SEC–MALS analysis of purified Nup358-KLC2/BicD2-CTD complexes. The Nup358-KLC2-fusion protein (WT or W2224A/D2225A mutant) was mixed with the BicD2-CTD in a 1:1 molar ratio, and the complex was isolated by size exclusion chromatography to remove unbound reactants. These complexes were subsequently analyzed by SEC–MALS. The Rayleigh ratio (distinct colors) and molar mass MW (colored in shades of red, orange, and pink) are plotted vs elution volume (see also Table S3).

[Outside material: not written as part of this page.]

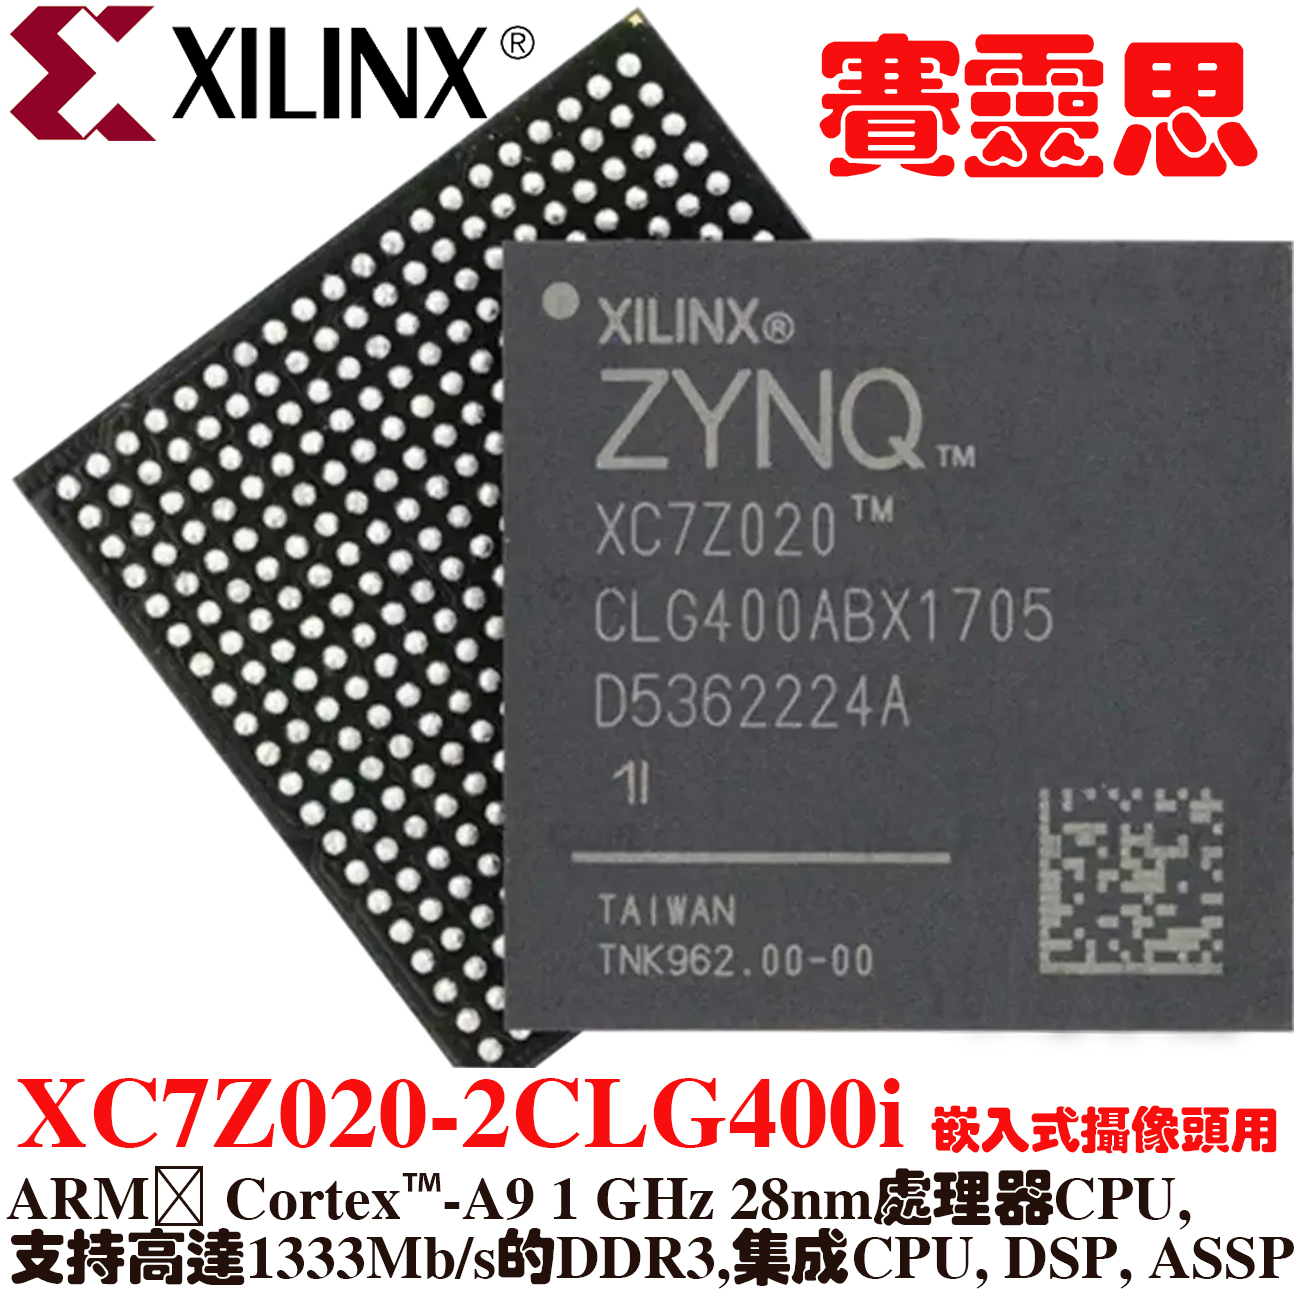 XC7Z020-2CLG400i，Zynq-7000 SoC，XiLinx单核ARM Cortex-A9， 1 GHz 28nm处理器CPU,支持1333Mb/s DDR3 的CPU,集成CPU, DSP, ASSP，嵌入式摄像头用的处理器，ARM AMBA AXI, I2C interfaces, SPI ports, USB 2.0 compliant ports, master/slave I2C interfaces

The SDS–PAGE of the elution fractions is shown beneath the SEC–MALS profiles of the complexes. (A) The Nup358-KLC2-fusion protein and the purified Nup358-KLC2-fusion protein/BicD2-CTD complex (5 mg/mL) were analyzed. (B) Same experiment as in panel A, at 2.5 mg/mL. (C) Same experiment as in panel A, with the Nup358/W2224A/D2225A-KLC2-fusion protein. Numbers of replicates for each experiment: (A) 2 and 3, (B) 4 and 2, and (C) 3 and 3 (see Table S3).